Output the line that contains "Jordan 1 Retro High Court Purple White" together with each line after it, through the final line of the listing below, word for word; omit pictures.

- _Information supplied_
================

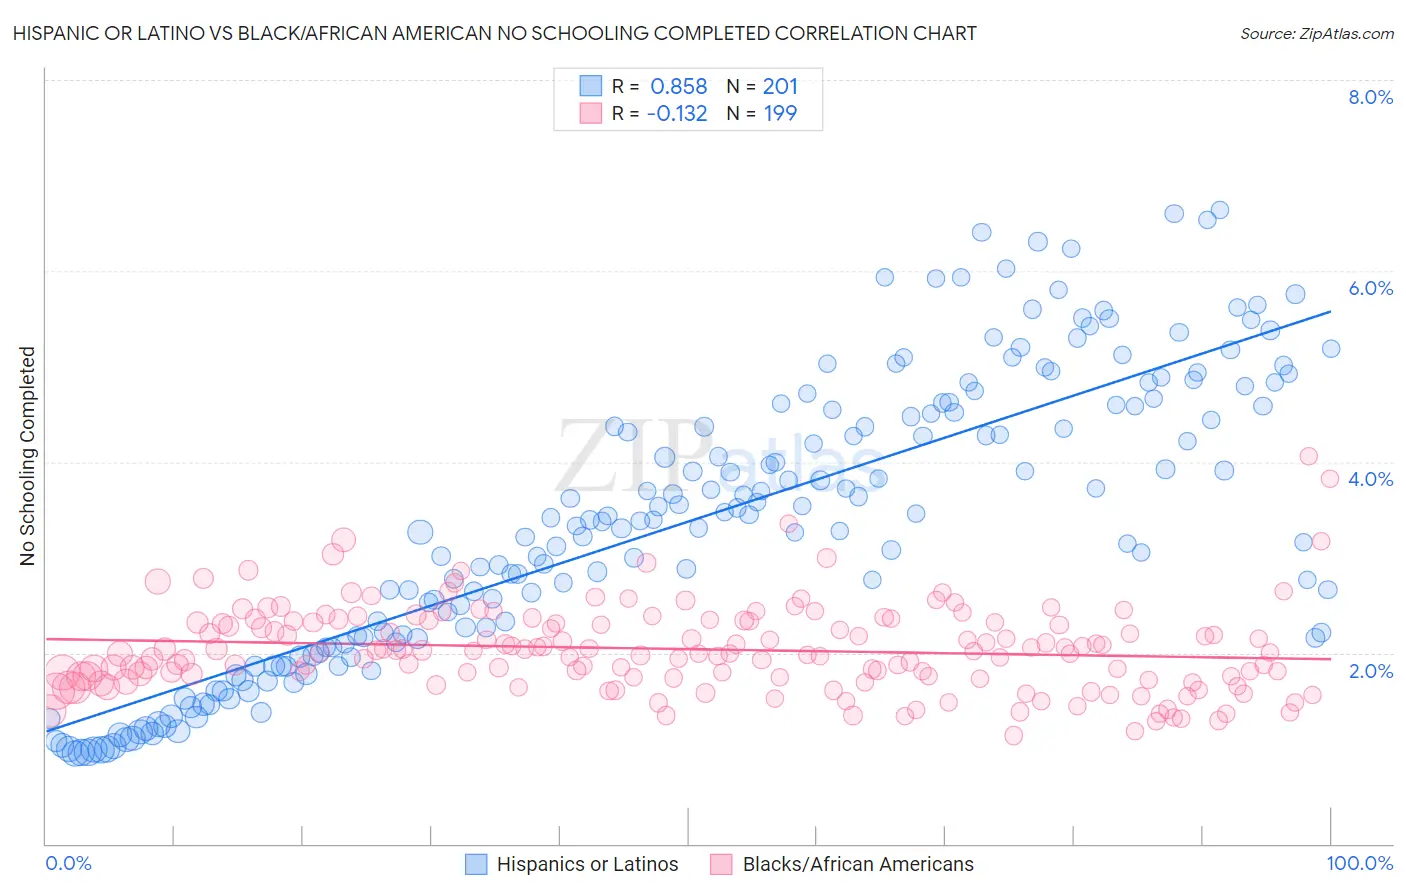 Hispanic or Latino vs Black/African American No Schooling Completed
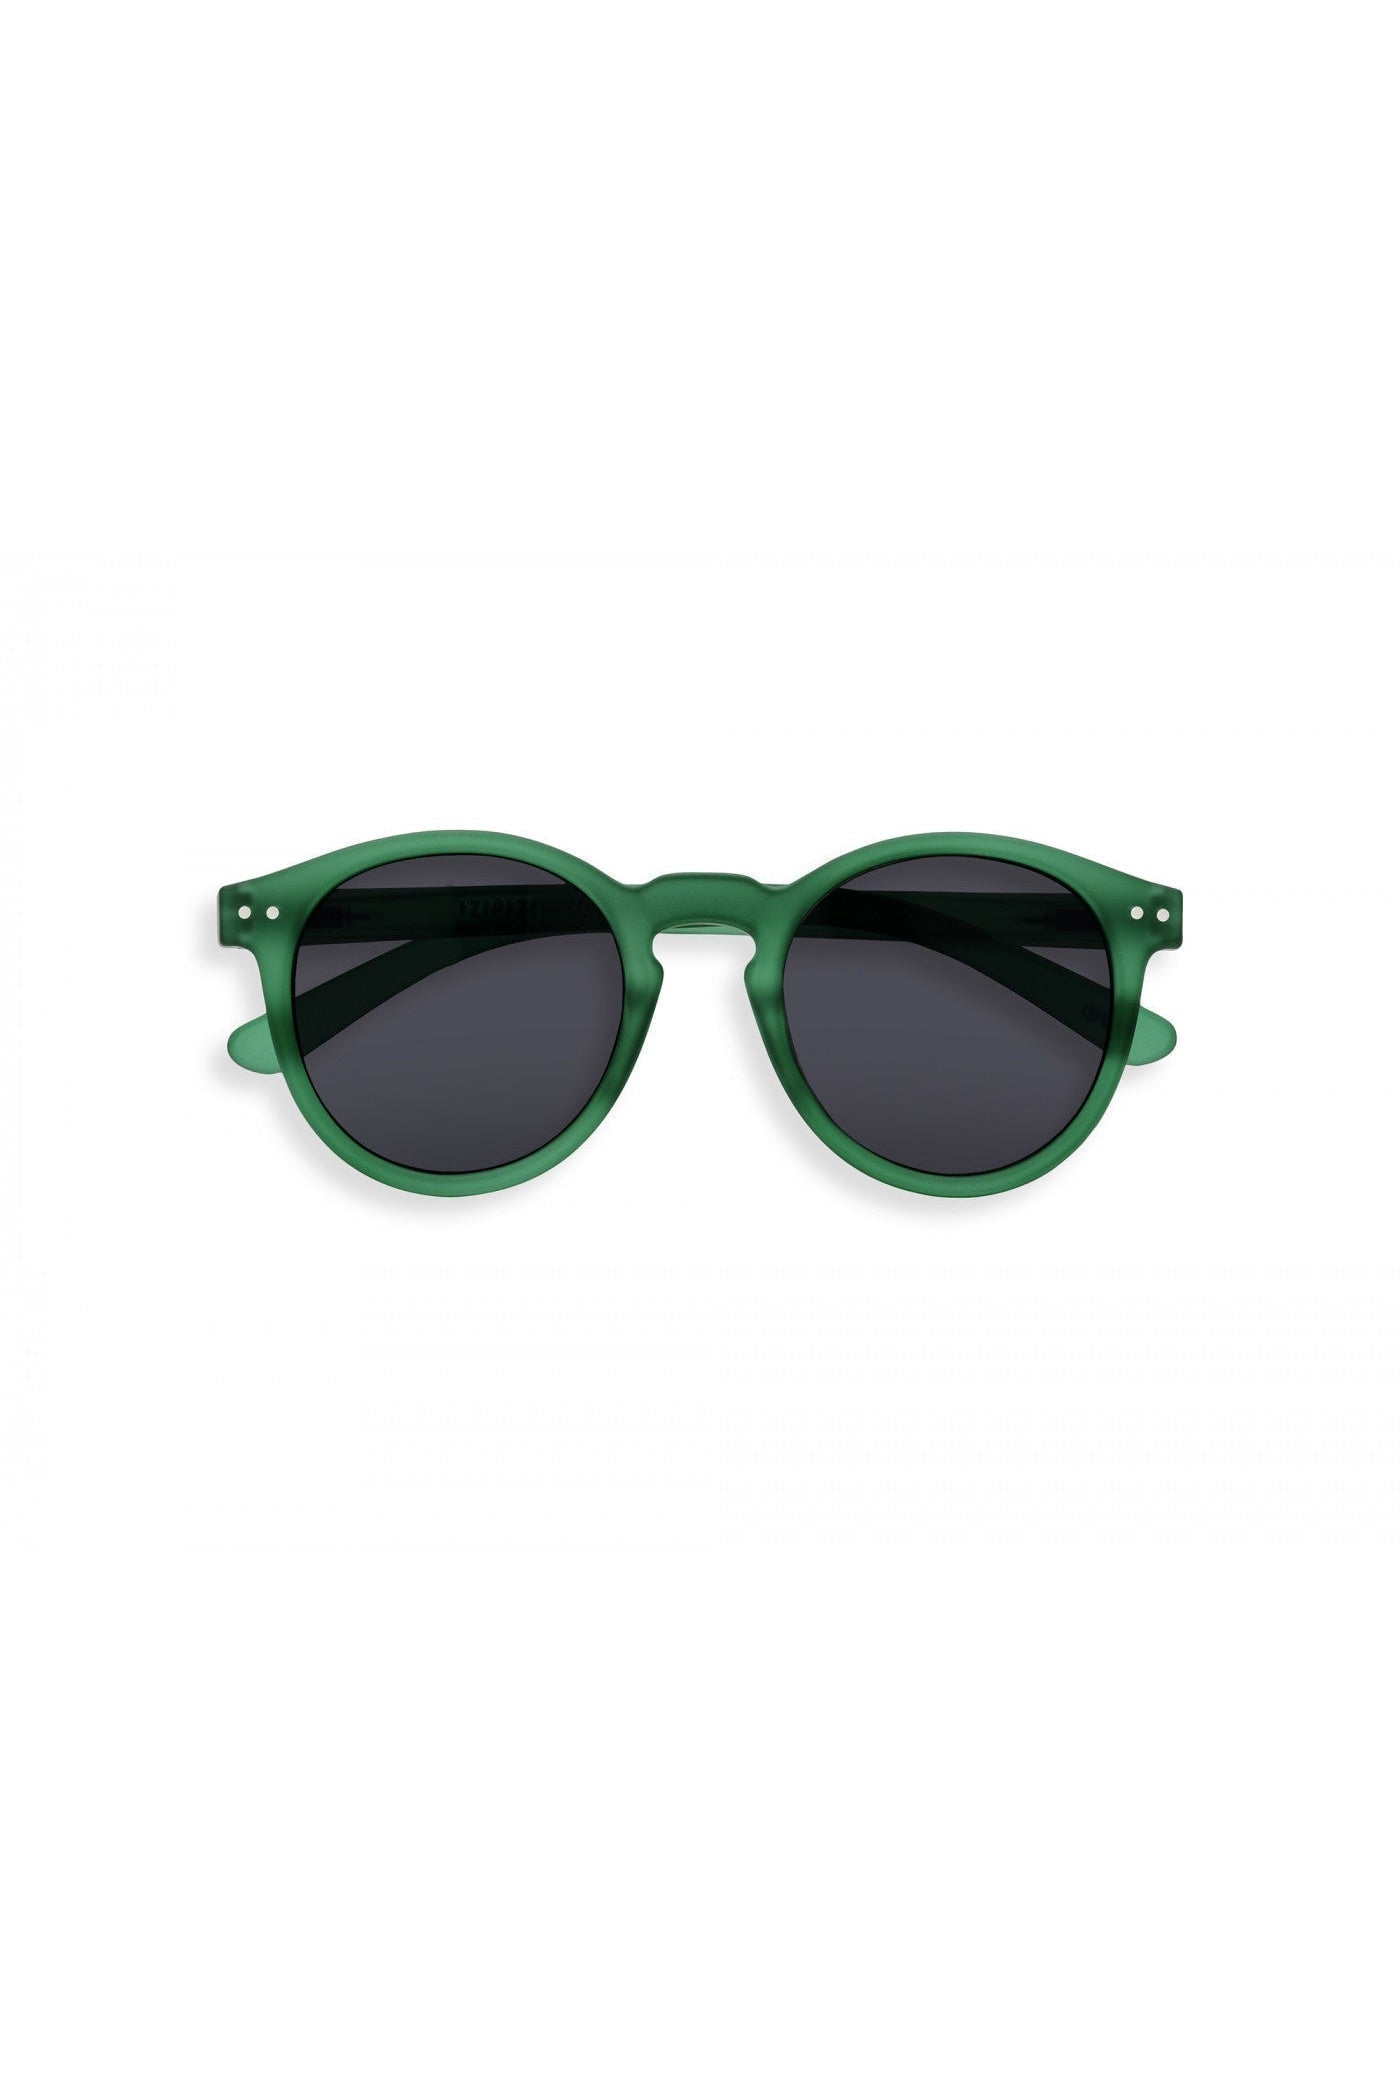 Izipizi # M Sunglasses in Green Crystal-Accessories-Ohh! By Gum - Shop Sustainable
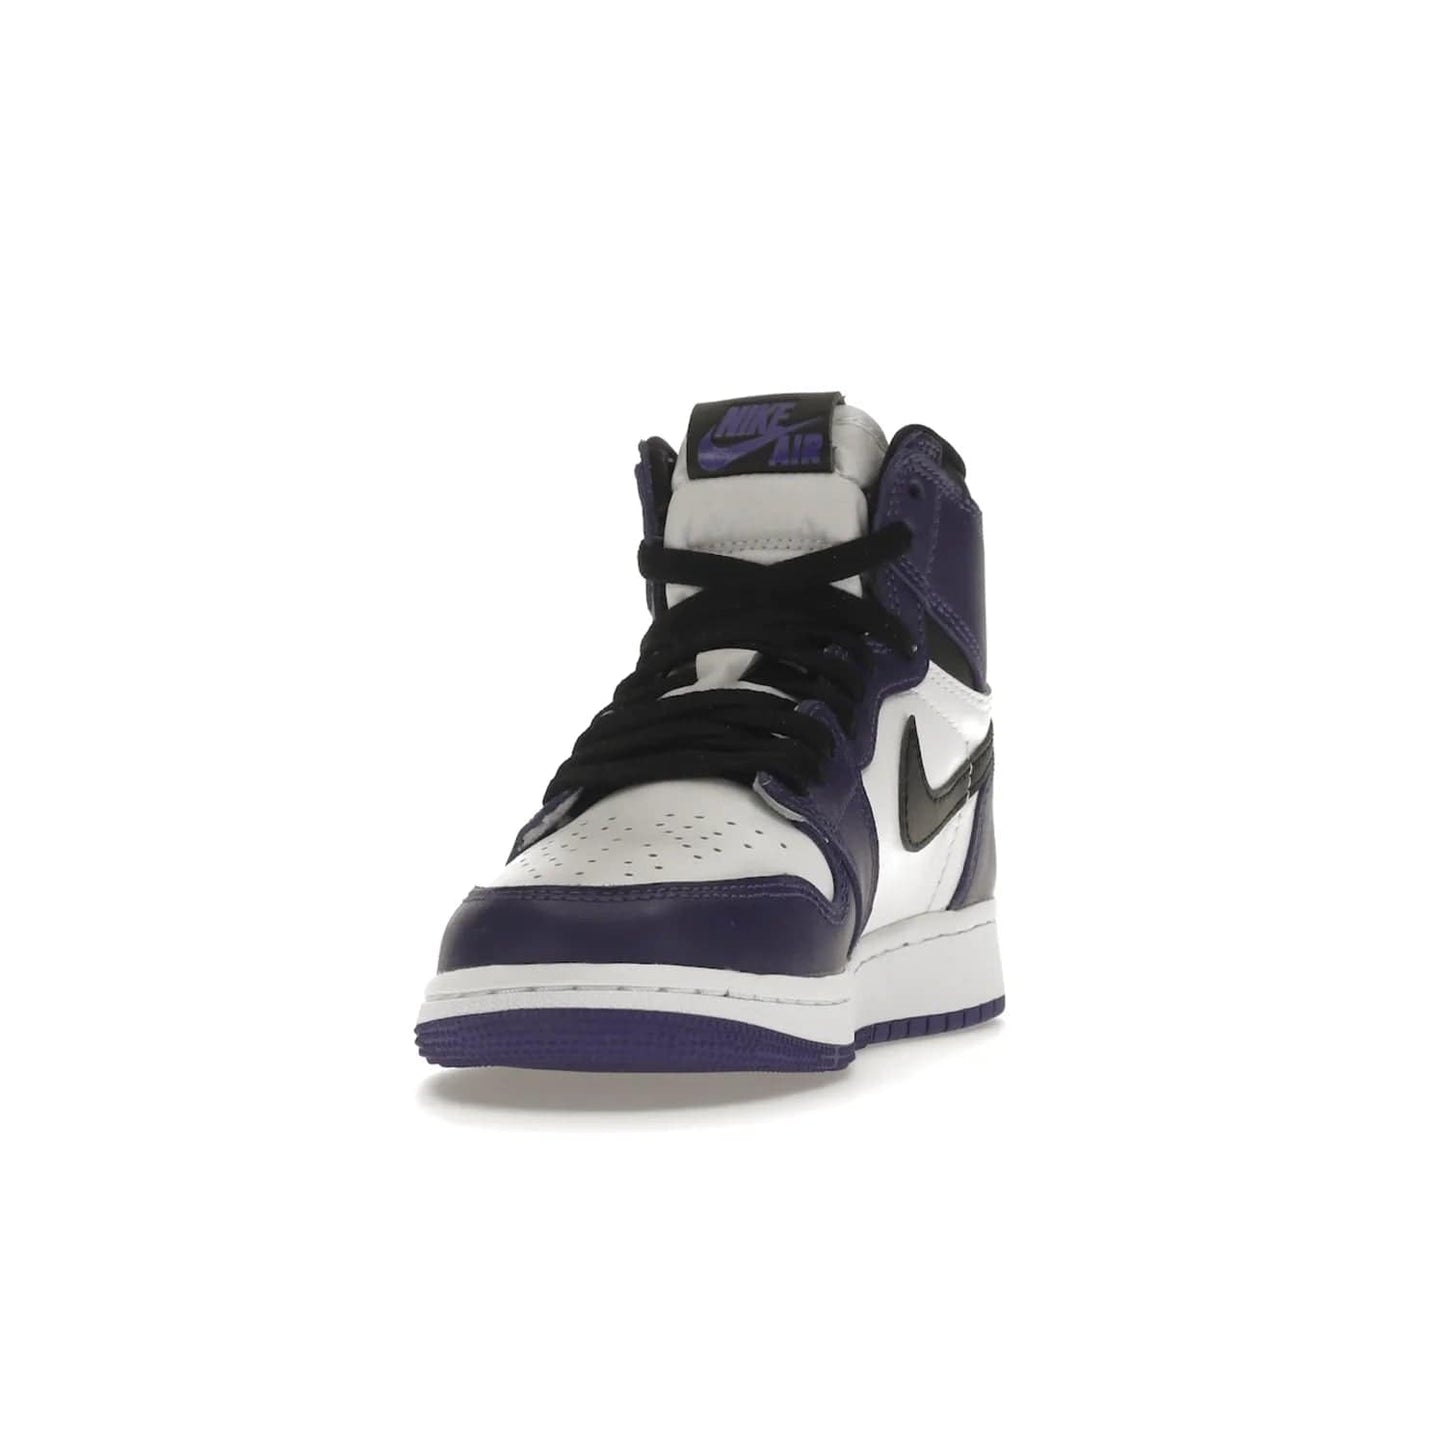 Jordan 1 Retro High Court Purple White (GS) - Image 12 - Only at www.BallersClubKickz.com - The Air Jordan 1 Retro High Court Purple is here and young sneaker heads can show off classic style. Features a white tumbled leather upper, black swoosh, purple overlays, black collar with purple overlay, white tongue, black patch with purple Nike Air logo and swoosh, white midsole, and purple rubber outsole with circular pattern.
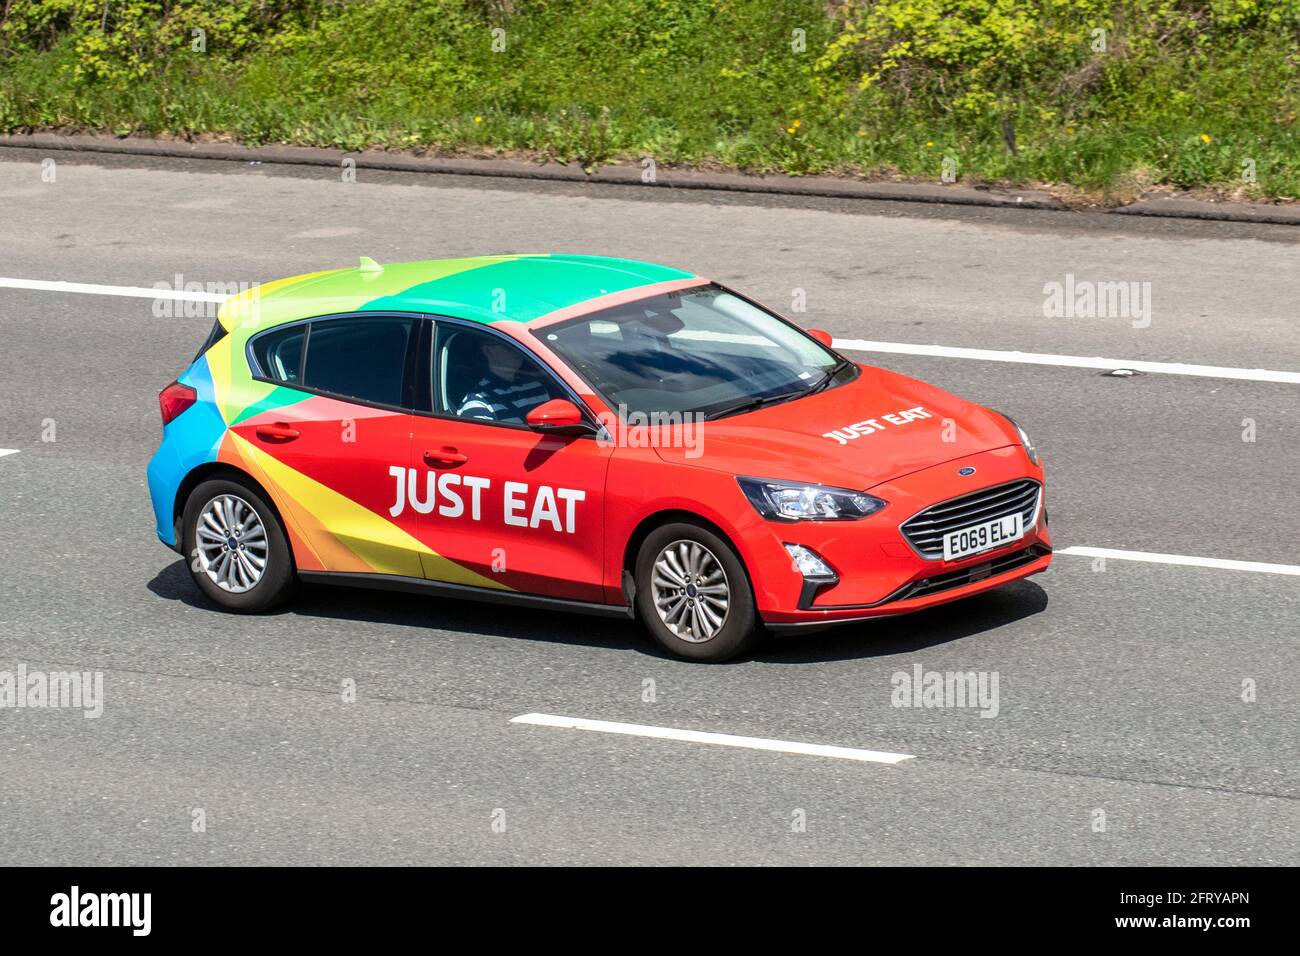 Just Eat 2019 Ford Focus Titanium Tdci red diesel hatchback; Vehicular traffic moving vehicles, catering commercial vans, foods courier on the Just Eat network, takeaway food business vehicles, livered cars driving vehicle on UK roads, motors, motoring on the M6 motorway highway network. Stock Photo

================

- _Expected output_
 Jordan 1 Retro High Court Purple White (GS) - Image 12 - Only at www.BallersClubKickz.com - The Air Jordan 1 Retro High Court Purple is here and young sneaker heads can show off classic style. Features a white tumbled leather upper, black swoosh, purple overlays, black collar with purple overlay, white tongue, black patch with purple Nike Air logo and swoosh, white midsole, and purple rubber outsole with circular pattern.
 Just Eat 2019 Ford Focus Titanium Tdci red diesel hatchback; Vehicular traffic moving vehicles, catering commercial vans, foods courier on the Just Eat network, takeaway food business vehicles, livered cars driving vehicle on UK roads, motors, motoring on the M6 motorway highway network. Stock Photo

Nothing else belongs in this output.